C
colin
Hi,
I have several gigabytes of CSV files - coma seperated variables (in text)
I find the converting to numbers is a bit slow,
to double or int seems about the same,
using split seems to take longer than substring,
seems no alternative to parse/tryparse.
although I havnt tested to see wich is faster.
It reads the file at a rate of about 1 million lines a sec wich is probably
as fast as the system will allow,
but only about converts 100k lines a sec with 5 numbers in each line,
this seems rather slow, must be many thousands of instructions per
conversion,
im running on a 64bit amd ~ 2ghz, 3gb ram.
I do this in assembler in my PIC mcu in a lot less lol.
the number crunching wich is quite involved can also do about 100k lines a
sec,
I have seperate threads for each step so I can delay the start of the next
thread to see how fast it is.
otherwise its procesed and displayed as it comes in.
I could do with speeding up the number crunching too,
I found it considerably faster to use structs instead of class
to organize the data, wich is a couple of complex numbers per point, plus
DateTime.
the data is stored in chunks in List<>
but theres lots of function calls as its quite structred with a complex
class I copied from somwhere
howcome c# doesnt have its own complex class or even a complex variable type
?
do simple functions get inlined ? or is this not happening in debug.
I read the Jit makes its own mind up about inlining,
structures get passed by value on the stack though
I tried using ref but got into trouble as then you cant pass values from
function calls directly.
I also run into memory problems, I need to keep all the data I read in as it
takes long to convert it,
then do statistical noise reduction and more than one FFT
and be able to change parameters and see the results quickly.
I store the files in 1hour chunks wich is about 150k records,
I found it slightly better to use an array[] then resize the aray when it is
finished,
changing the initial size of the array and the increment if its too small
considerably affects the max memory it uses.
I managed to get the memory down to about 115% of the size of data I have.
although I only have a few days data atm,
with a years worth im going to run into problems I think.
its probably going to be more than 4gb,
maybe I should store the input data as binary numbers, or is there a way to
speed this up ?
I would need to store both.
maybe I just though of an idea .. to have a binary cache.
could I simply map the file into memory and make it an array of structs ?
Ive done something like this before with c++
I gues it would need to be unsafe code,
is there much scope for speeding things up with unsafe code?
Im also wondering if its worth going for a 64bit version of winxp,
has any one been down this route with c# and know if its that much better
or has any disadvantages ? I know some things arnt compatable.
thanks
Colin =^.^=
I have several gigabytes of CSV files - coma seperated variables (in text)
I find the converting to numbers is a bit slow,
to double or int seems about the same,
using split seems to take longer than substring,
seems no alternative to parse/tryparse.
although I havnt tested to see wich is faster.
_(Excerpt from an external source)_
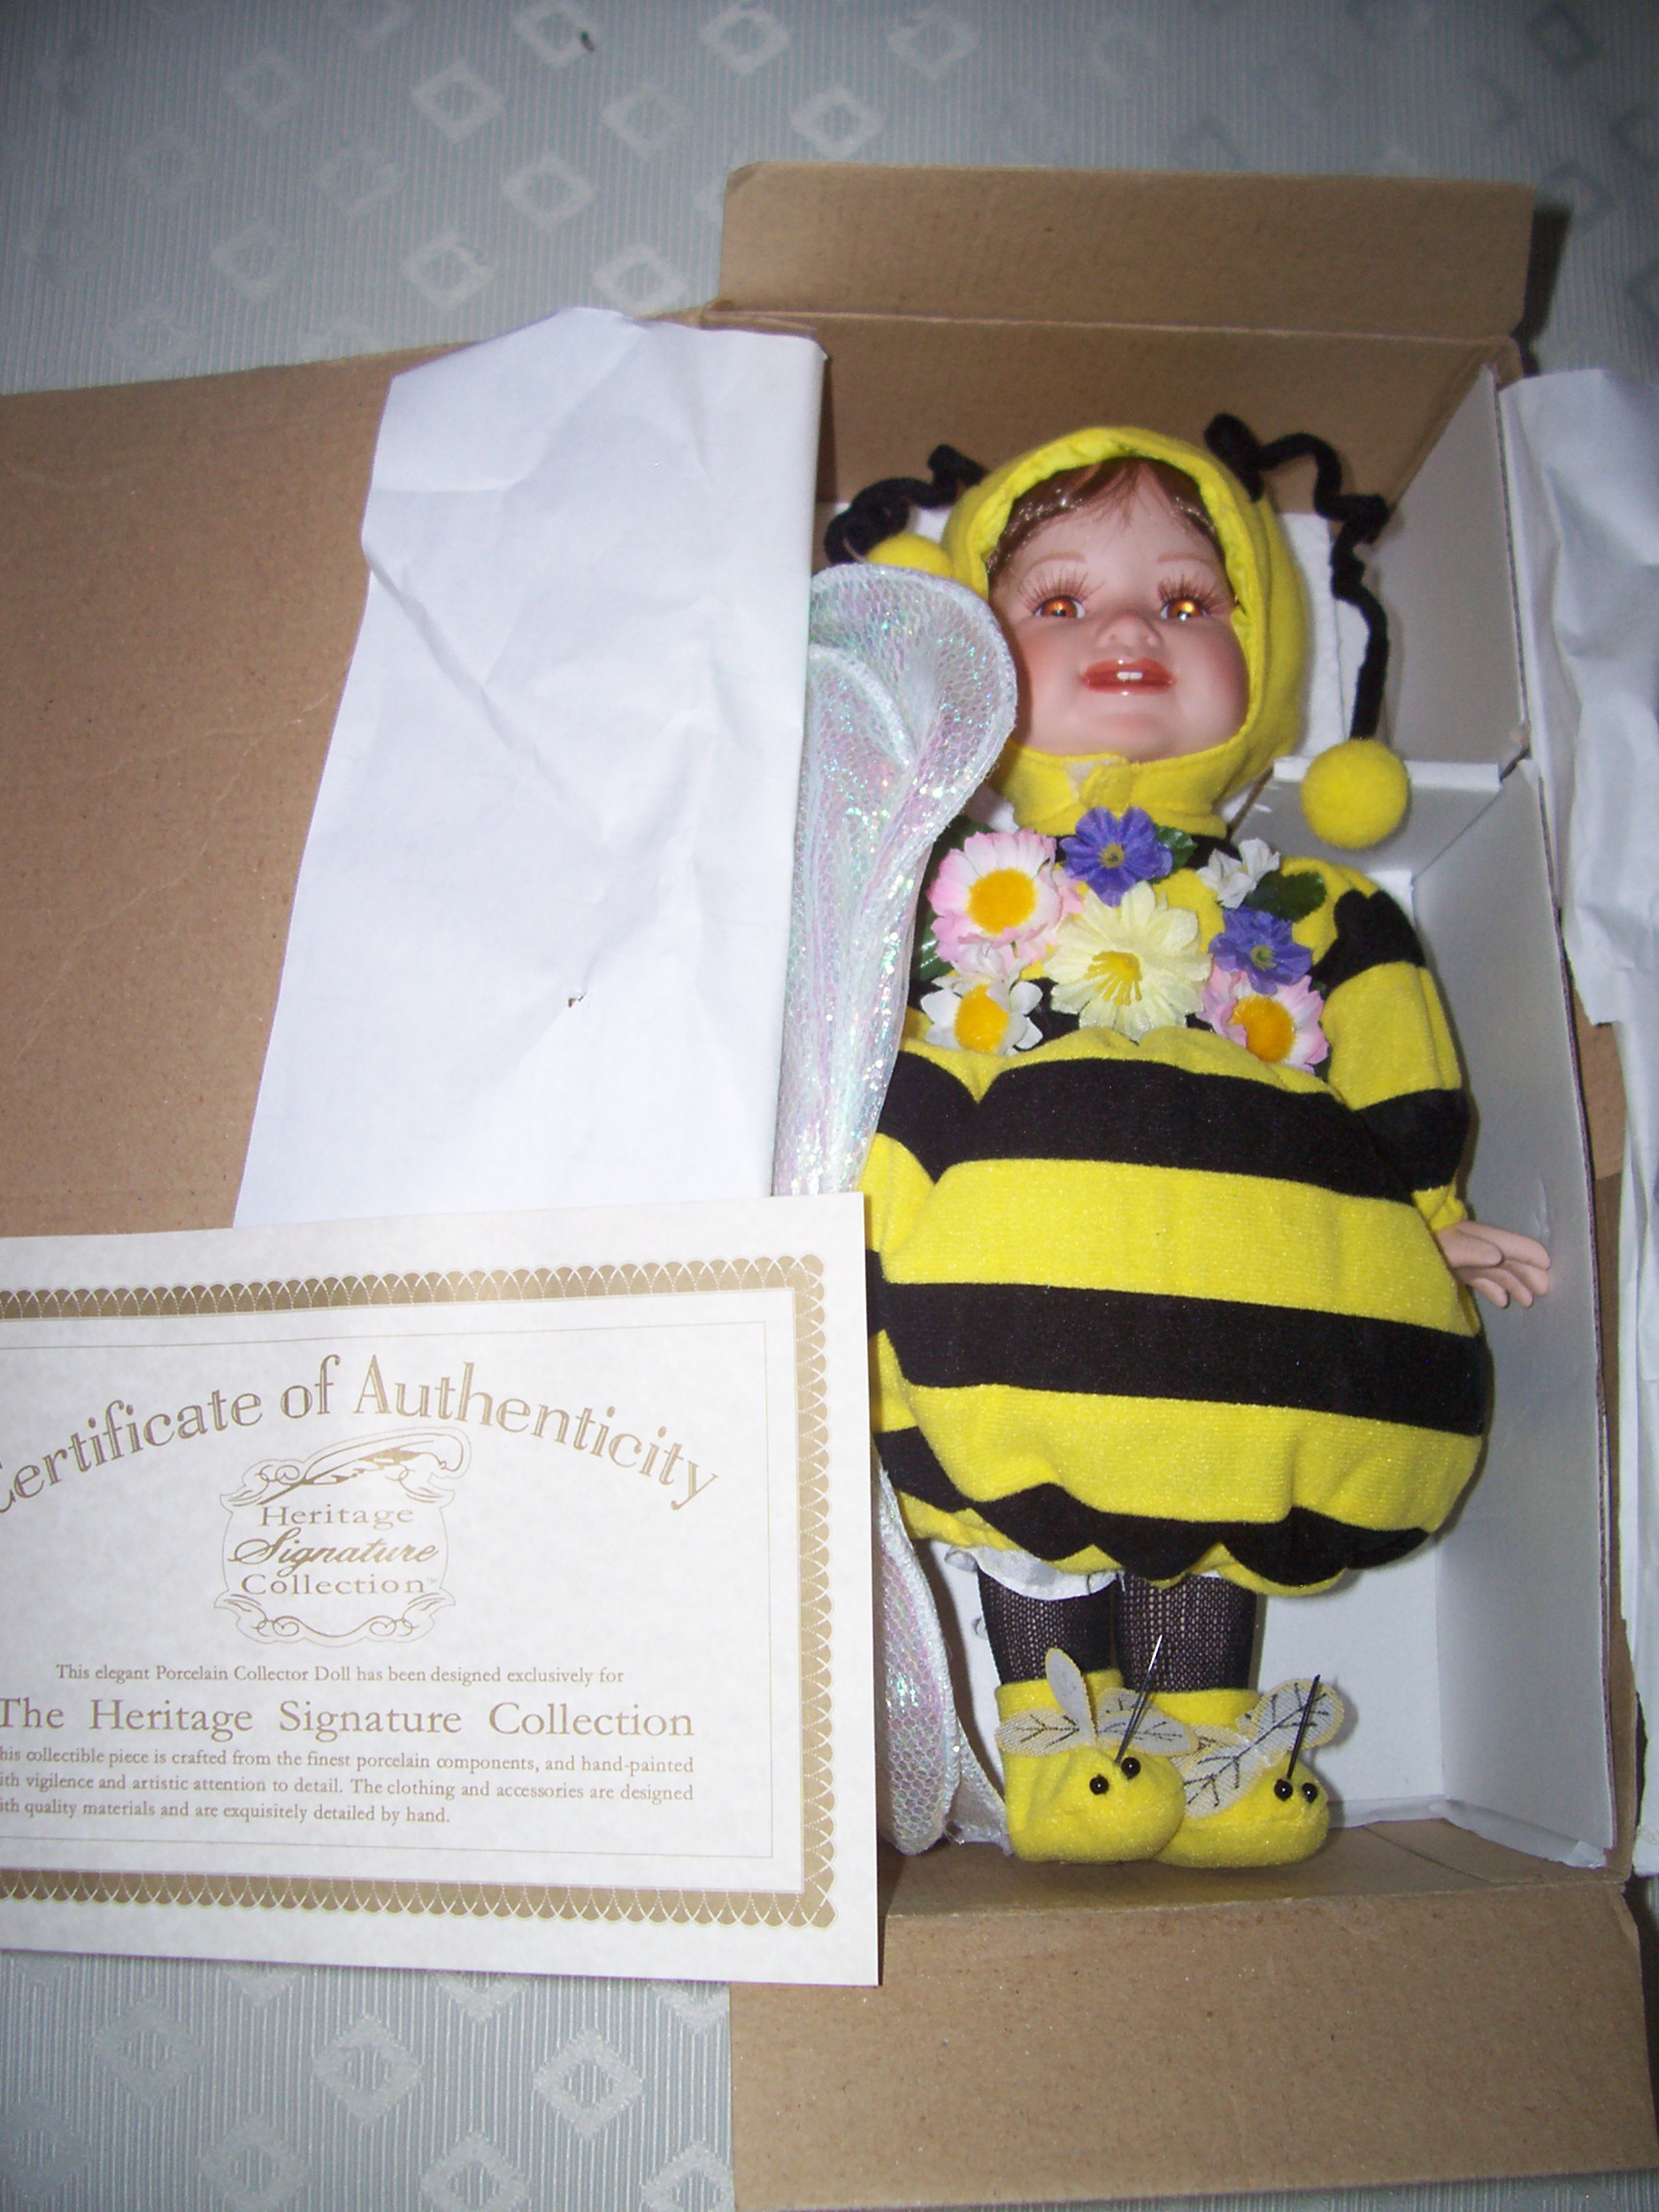 Heritage Signature Collection Bumble Bee Doll

It reads the file at a rate of about 1 million lines a sec wich is probably
as fast as the system will allow,
but only about converts 100k lines a sec with 5 numbers in each line,
this seems rather slow, must be many thousands of instructions per
conversion,
im running on a 64bit amd ~ 2ghz, 3gb ram.
I do this in assembler in my PIC mcu in a lot less lol.
the number crunching wich is quite involved can also do about 100k lines a
sec,
I have seperate threads for each step so I can delay the start of the next
thread to see how fast it is.
otherwise its procesed and displayed as it comes in.
I could do with speeding up the number crunching too,
I found it considerably faster to use structs instead of class
to organize the data, wich is a couple of complex numbers per point, plus
DateTime.
the data is stored in chunks in List<>
but theres lots of function calls as its quite structred with a complex
class I copied from somwhere
howcome c# doesnt have its own complex class or even a complex variable type
?
do simple functions get inlined ? or is this not happening in debug.
I read the Jit makes its own mind up about inlining,
structures get passed by value on the stack though
I tried using ref but got into trouble as then you cant pass values from
function calls directly.
I also run into memory problems, I need to keep all the data I read in as it
takes long to convert it,
then do statistical noise reduction and more than one FFT
and be able to change parameters and see the results quickly.
I store the files in 1hour chunks wich is about 150k records,
I found it slightly better to use an array[] then resize the aray when it is
finished,
changing the initial size of the array and the increment if its too small
considerably affects the max memory it uses.
I managed to get the memory down to about 115% of the size of data I have.
although I only have a few days data atm,
with a years worth im going to run into problems I think.
its probably going to be more than 4gb,
maybe I should store the input data as binary numbers, or is there a way to
speed this up ?
I would need to store both.
maybe I just though of an idea .. to have a binary cache.
could I simply map the file into memory and make it an array of structs ?
Ive done something like this before with c++
I gues it would need to be unsafe code,
is there much scope for speeding things up with unsafe code?
Im also wondering if its worth going for a 64bit version of winxp,
has any one been down this route with c# and know if its that much better
or has any disadvantages ? I know some things arnt compatable.
thanks
Colin =^.^=